At the end of this encounter, I really questioned whether I was doing good for this person by bringing her food. She didn't seem to want it at all. My presence seemed to be an intrusion. I actually cooled a little bit on the idea of the meal delivery program, and I think this was one of the last times I did it for that group. So how do we know when we're really doing good and being good?

There are much bigger issues in front of us than delivering soup to injured seniors. And our powerful brains are so clever at rationalizing whatever our physical bodies want to do. I have heard people make very well-structured arguments about why they are right in doing things that are obviously illegal, immoral or just plain mean. How do we know if we're really doing good, or if our clever brains are lying to us?

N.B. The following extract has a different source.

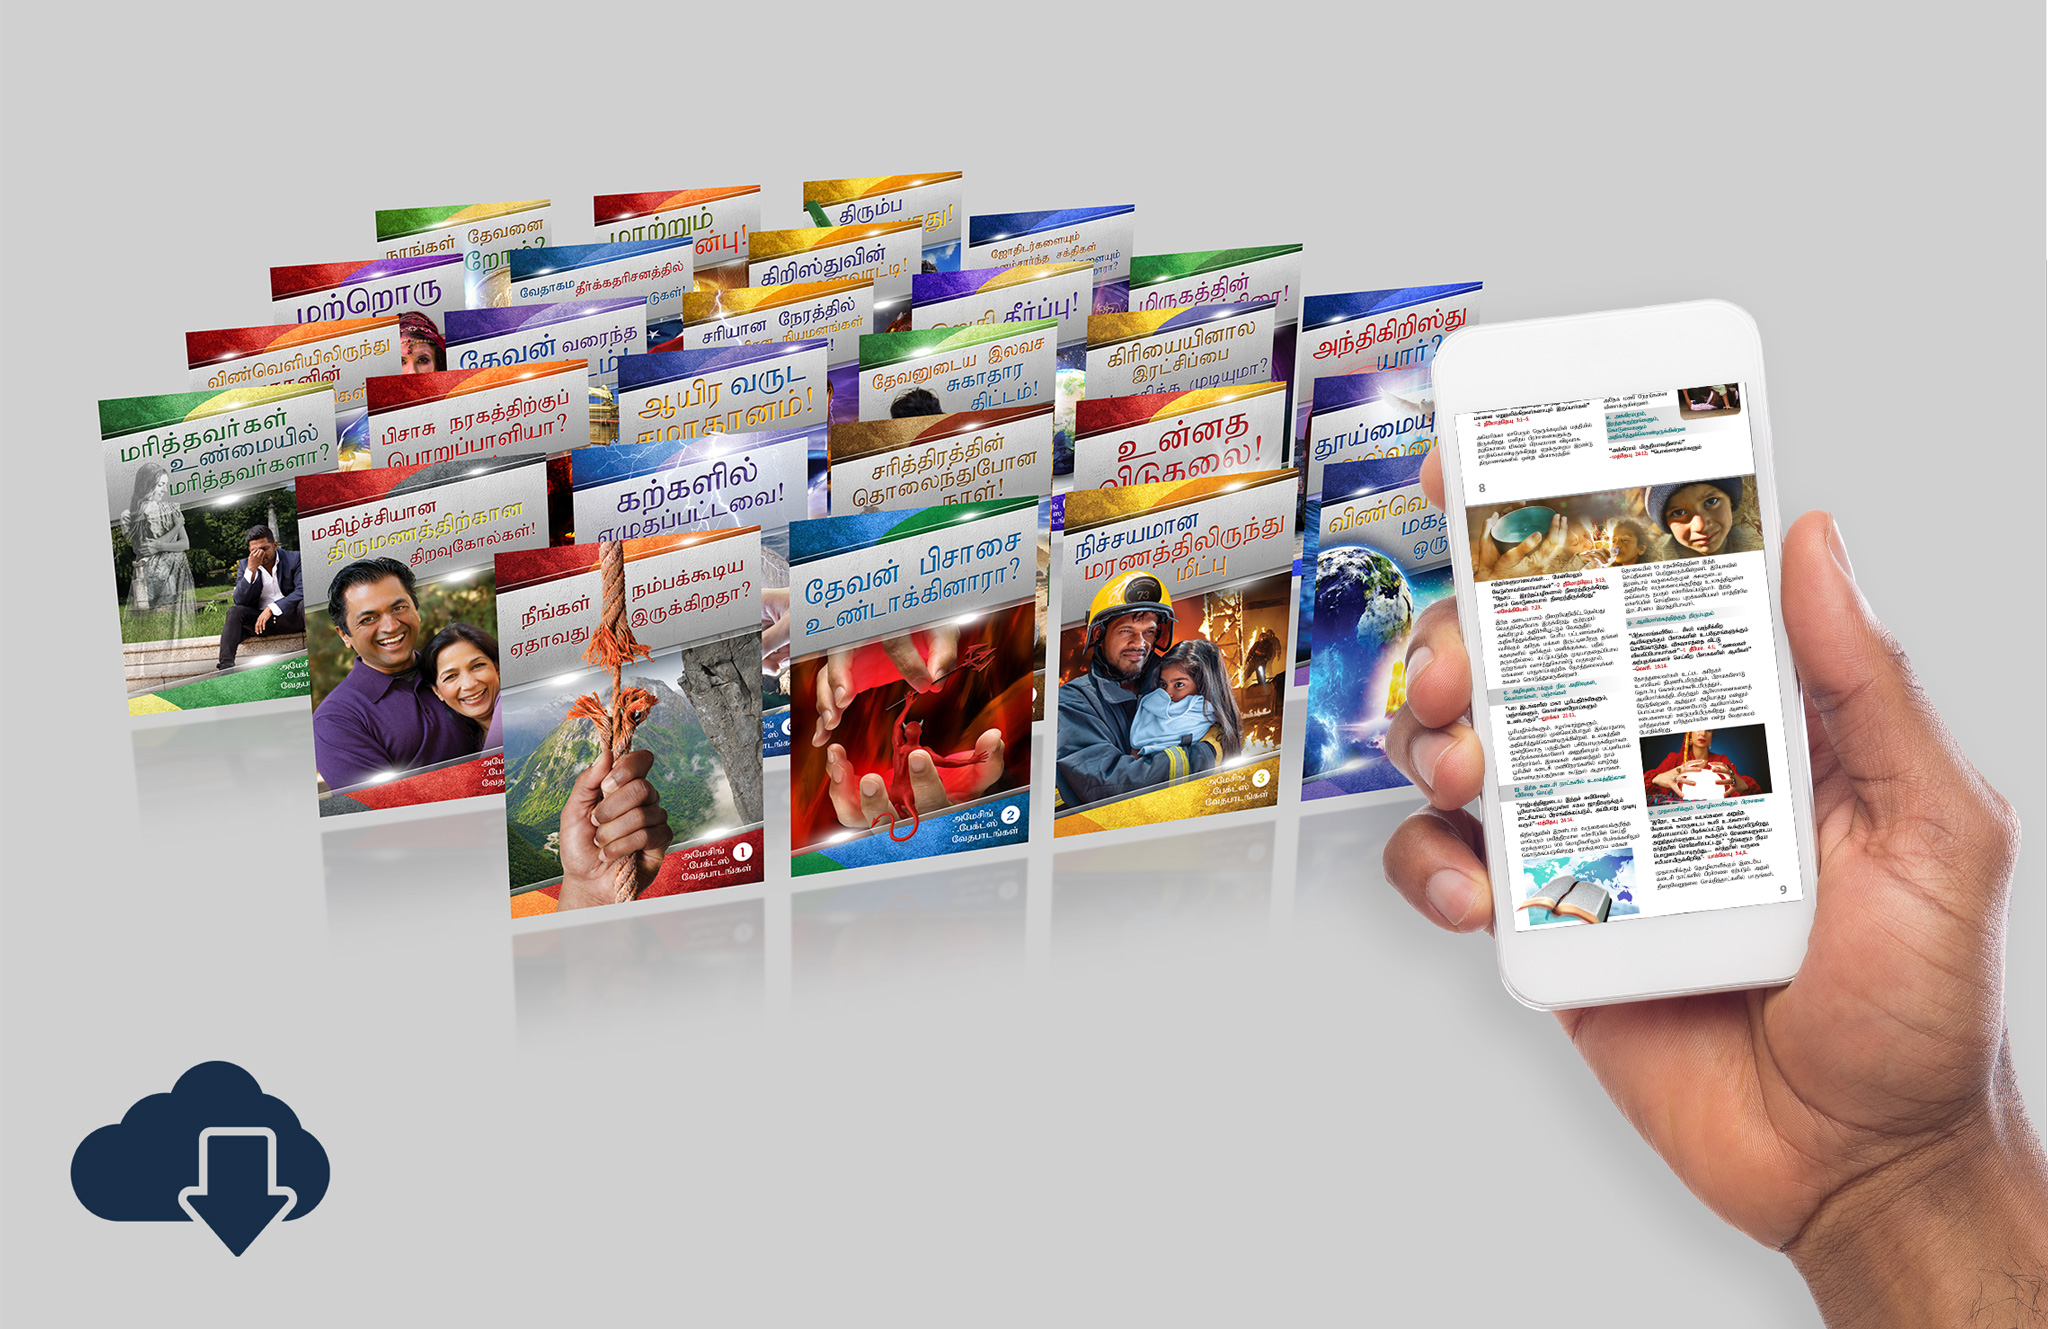 Study-Guide-Tamil-Digital-Downloads

Well, I found something that made me think a little more about this today. What I found in the Yoga Sutras: "Blessed are the pure; they shall see God." And as Swami Satchidananda goes  on to explain,
That does not mean the impure cannot see God. If they work for it, they can, but their God will appear as a demon to them because of their impurity. Their vision is colored; they can't see God's our nature. They see God from the wrong angle...
But if you are really serious about this business and really want to go deep into meditation, take care to have a clean mind. Otherwise, you are not going to get it.
Which kind of put these things into perspective for me. To know if we're really doing good, and to know that our decisions are based on real right-and-wrong as opposed to our clever brains' ability to rationalize anything, we have to have a purified mind. How do we get that? Well, that's the whole struggle. I think that right there is the life journey. We work at it by spending time in meditation, by being unflinchingly honest with ourselves, by asking the opinion of people whose character we trust, and by critically examining ourselves. It isn't going to happen overnight. But we keep trying. We may keep seeing God from the wrong angle, but at least we are seeing him, and hopefully with time, he'll help guide us into a purer consciousness. But that can only come if we keep working at it.